- Born: April 30, 1954 (age 72)
- Origin: Dallas, Texas, United States
- Genres: Country
- Occupation: singer
- Instrument: Vocals
- Years active: 1982–1992
- Labels: Warner Mercury

= Karen Brooks (singer) =

American singer-songwriter

Karen Brooks (born April 30, 1954) is an American country music singer and songwriter who is best known for a series of singles recorded by Emmylou Harris, Rosanne Cash, Patty Loveless, Tanya Tucker, Russell Smith, David Allan Coe, Crystal Gayle and Exile. She recorded a duet with Johnny Cash, "I Will Dance With You", and also with T. G. Sheppard, "Faking Love", which was a number one hit on the Billboard country chart in February 1983. She also had a number of top 40 songs as a recording artist on Warner Records.

Brooks was born in Dallas, Texas, United States. She attended Justin F. Kimball High School with schoolmate Stevie Ray Vaughan (Class of '72).
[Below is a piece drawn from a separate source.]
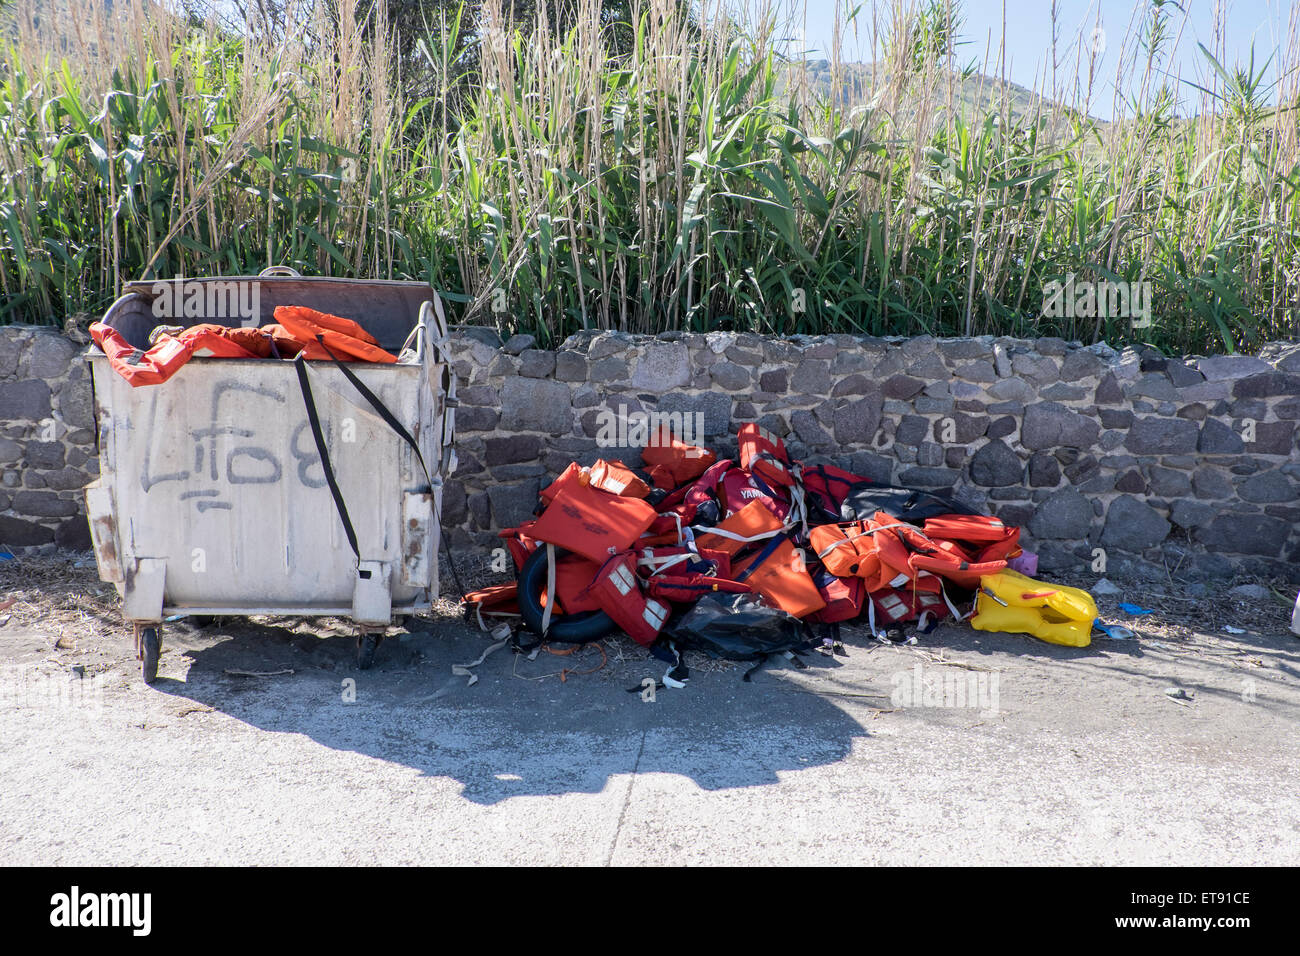 Life vests worn by refugees fleeing Syria and Afghanistan are piled up as trash on a beach in Greece. Stock Photo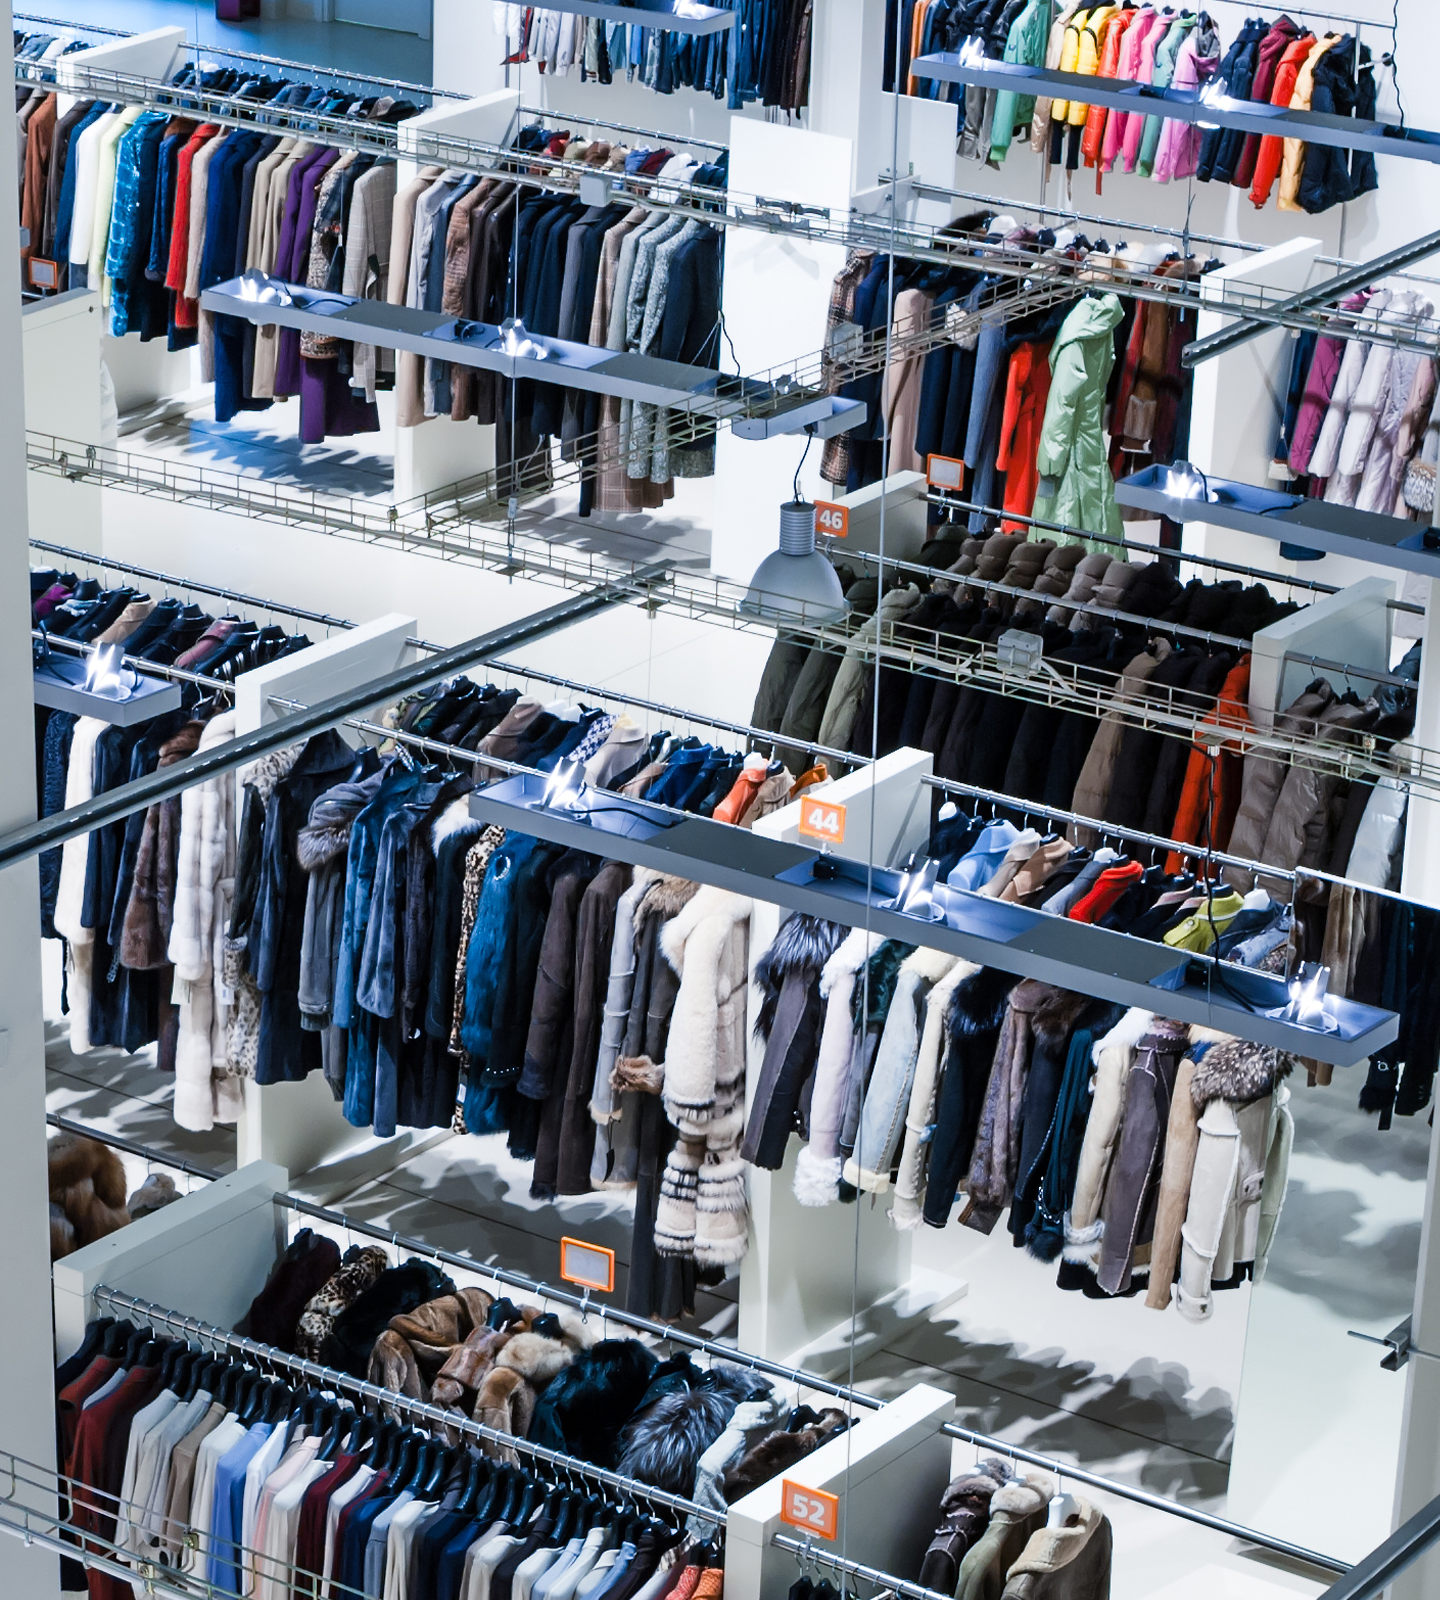 A retail store full of clothing racks displaying a diverse range of apparel.

She was formerly married to Gary P. Nunn, with whom she had one child, a son, Lukin Tolliver Nunn. Her mother, Lynn Brooks, was a make-up artist in the motion-picture industry. During the latter half of the 1970s and the early half of the 1980s, she lent her vocals to recordings by Jerry Jeff Walker, David Allan Coe, Steven Fromholz, Gary P. Nunn, Townes Van Zandt, Anne Murray and Emmylou Harris.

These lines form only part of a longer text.